*** Block opens ***

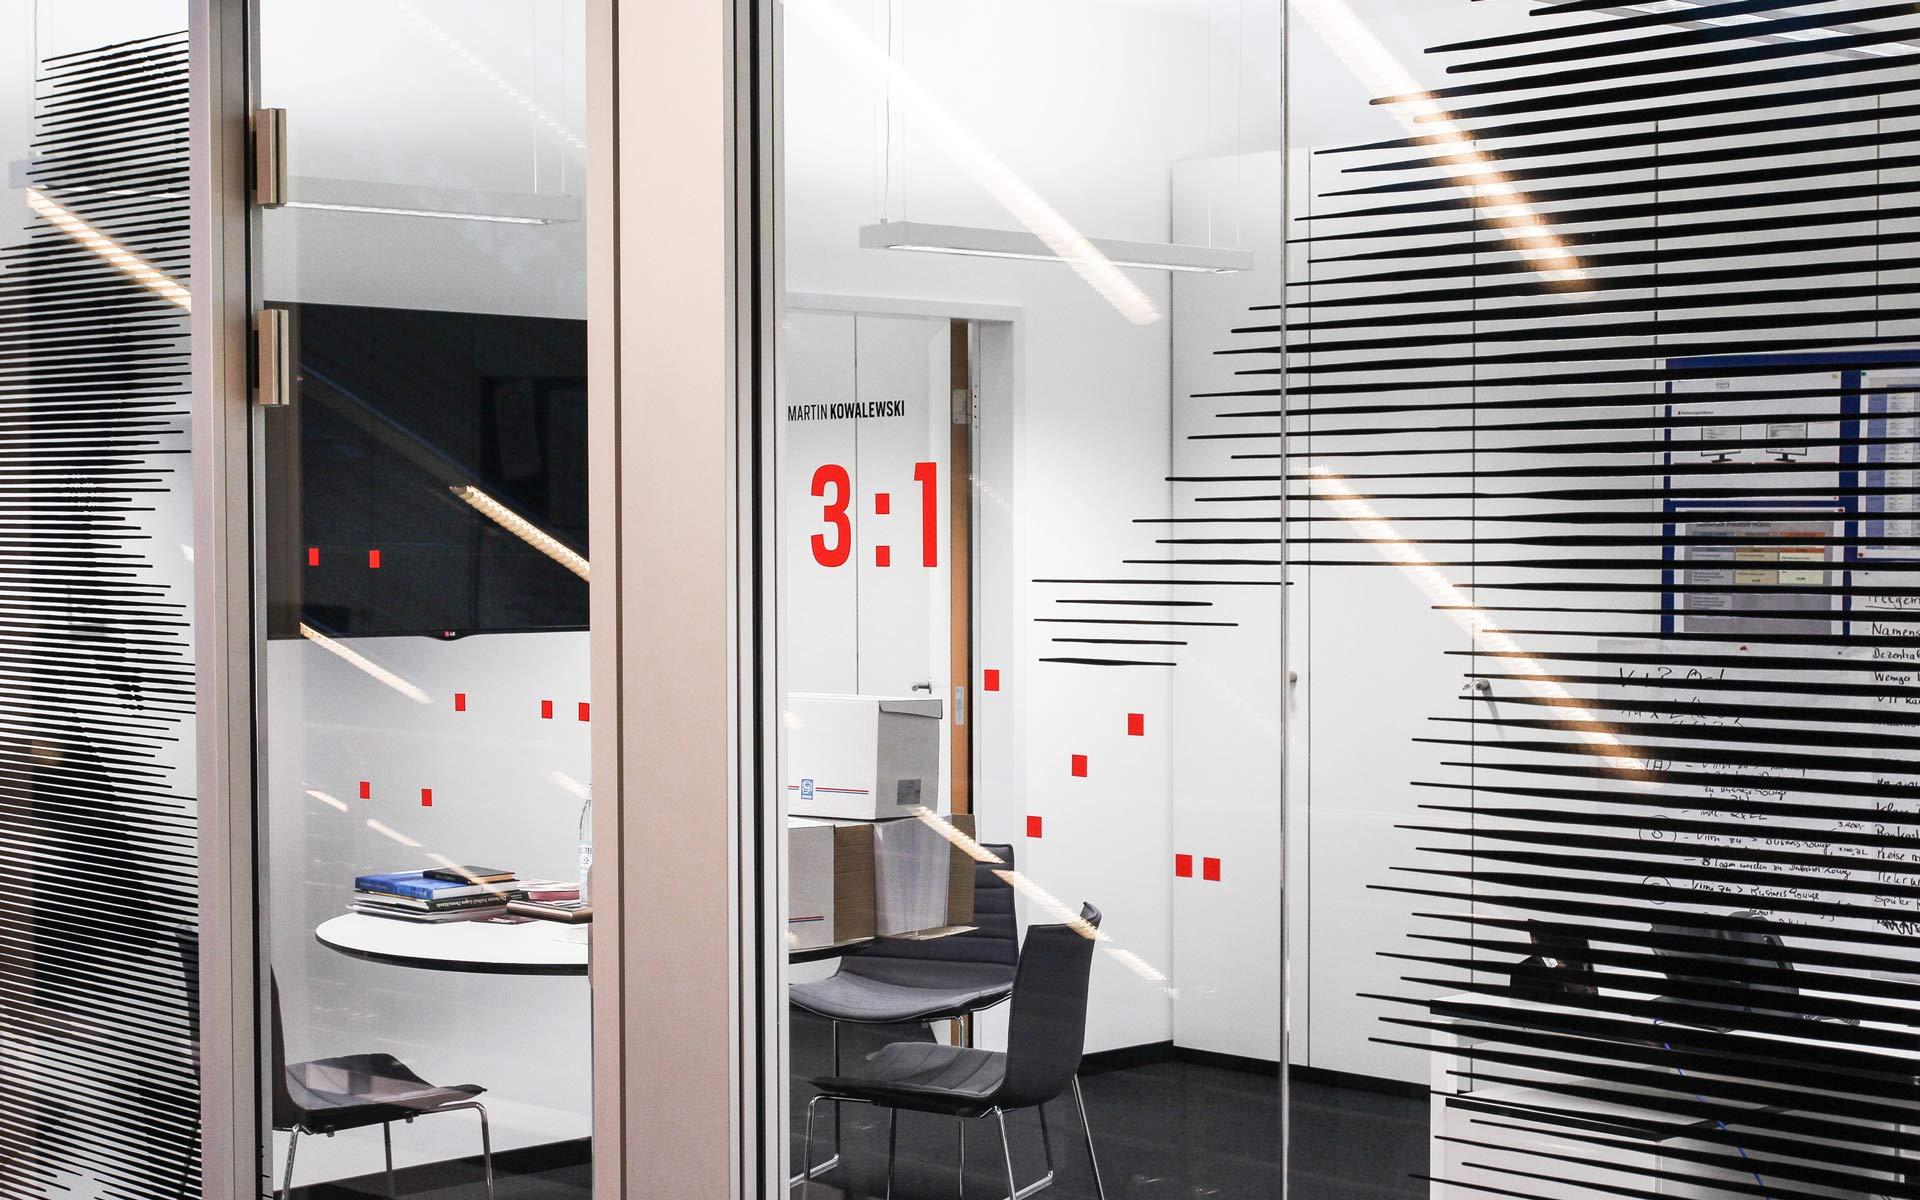 Bayer 04 neue Liegenschaft – Wayfinding, Leit- und Orientierungssystem,  Orientierungshinweise an den Scheiben
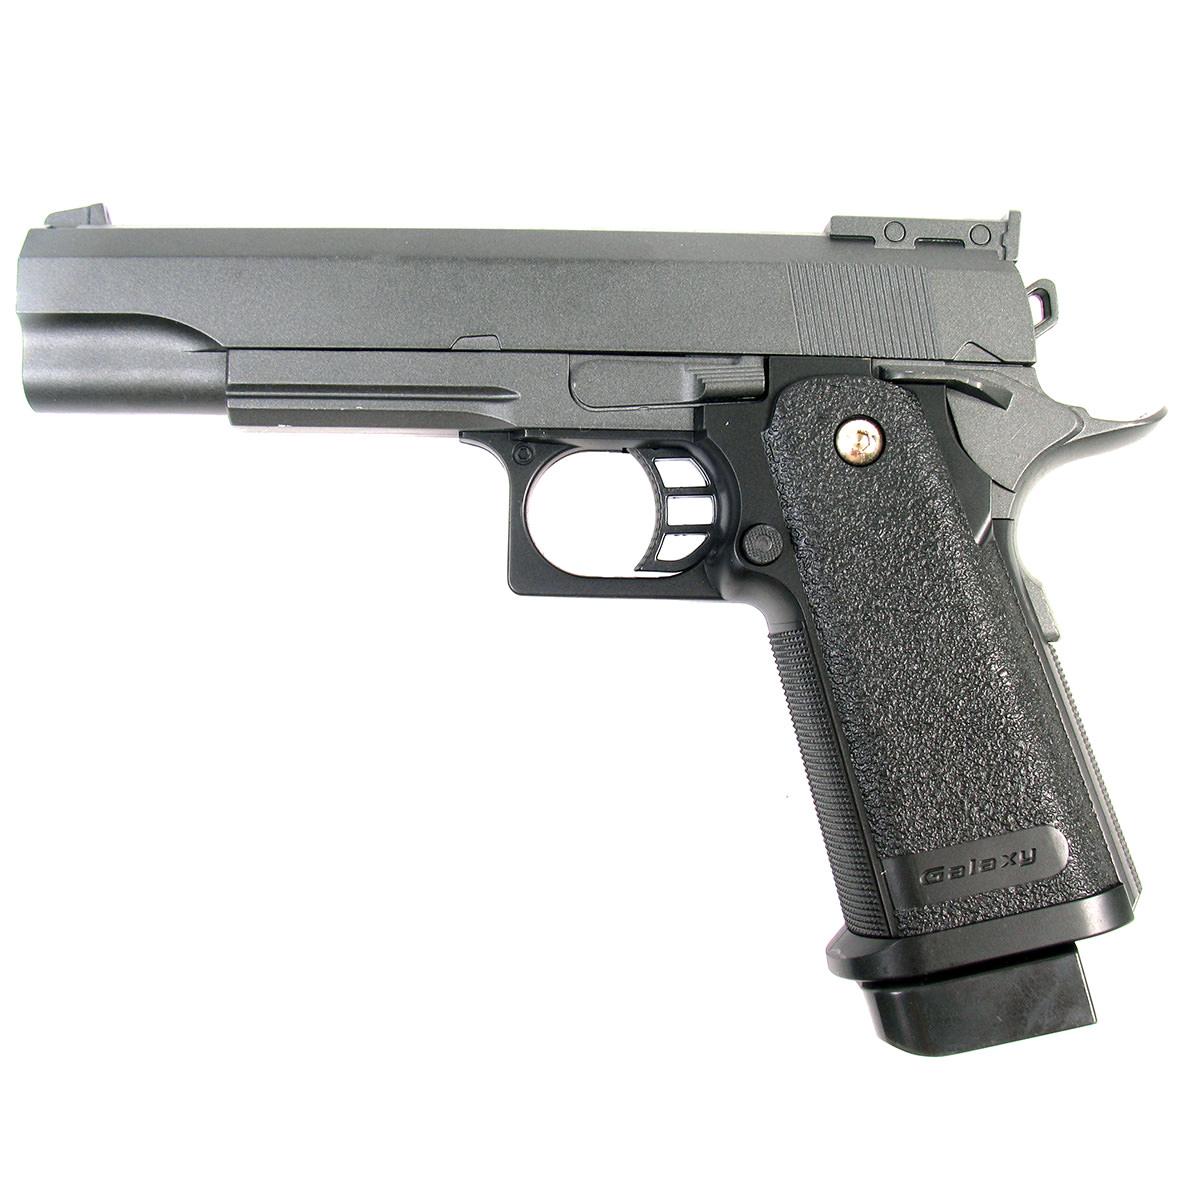 Пружинный пистолет G.6 является репликой известного мощного пистолета Hi-Capa .45. Корпус пистолета цельнометаллический. В магазин вмещается 16 шариков BB 6 мм. Выстрел из пистолета осуществляется с помощью пружины, максимальная начальная скорость выстрела не более 50 м/с. Прицельные приспособления не регулируемые, пистолет предназначен для стрельбы на короткие дистанции.
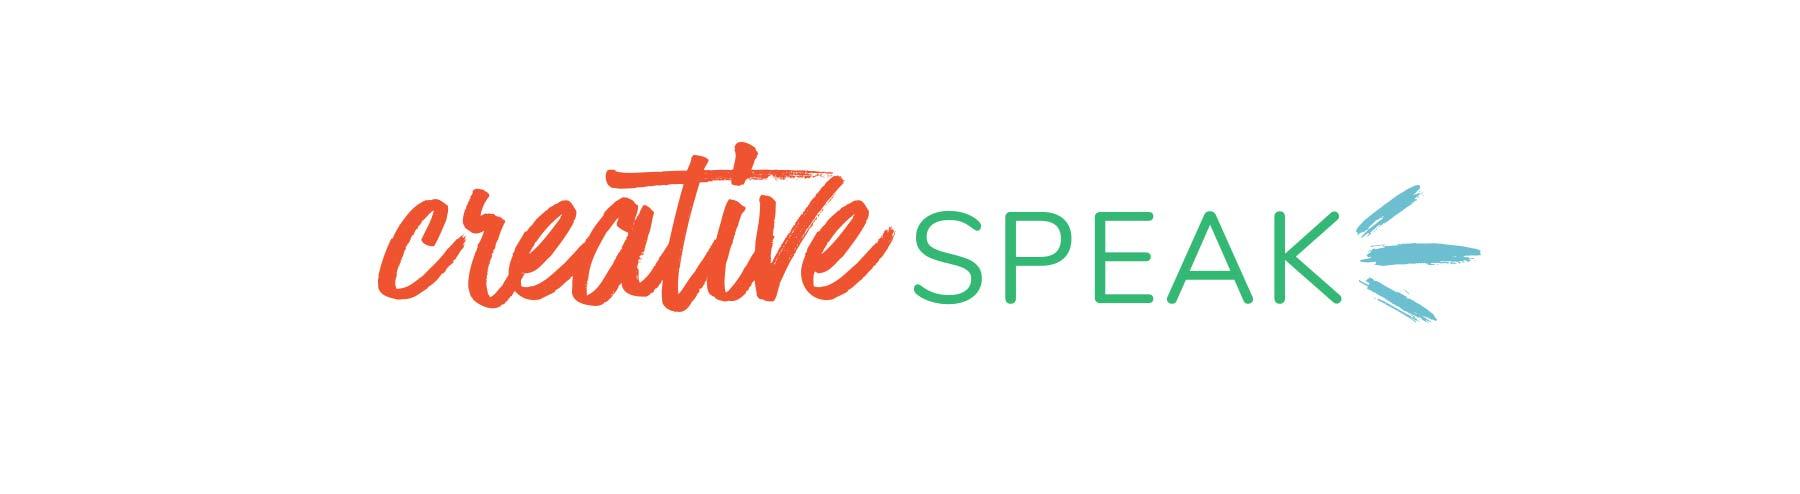 Creative Speak logo

*** Block closes ***

The material must be returned exactly, with its pictures omitted.

 Bayer 04 neue Liegenschaft – Wayfinding, Leit- und Orientierungssystem,  Orientierungshinweise an den Scheiben
 Пружинный пистолет G.6 является репликой известного мощного пистолета Hi-Capa .45. Корпус пистолета цельнометаллический. В магазин вмещается 16 шариков BB 6 мм. Выстрел из пистолета осуществляется с помощью пружины, максимальная начальная скорость выстрела не более 50 м/с. Прицельные приспособления не регулируемые, пистолет предназначен для стрельбы на короткие дистанции.
 Creative Speak logo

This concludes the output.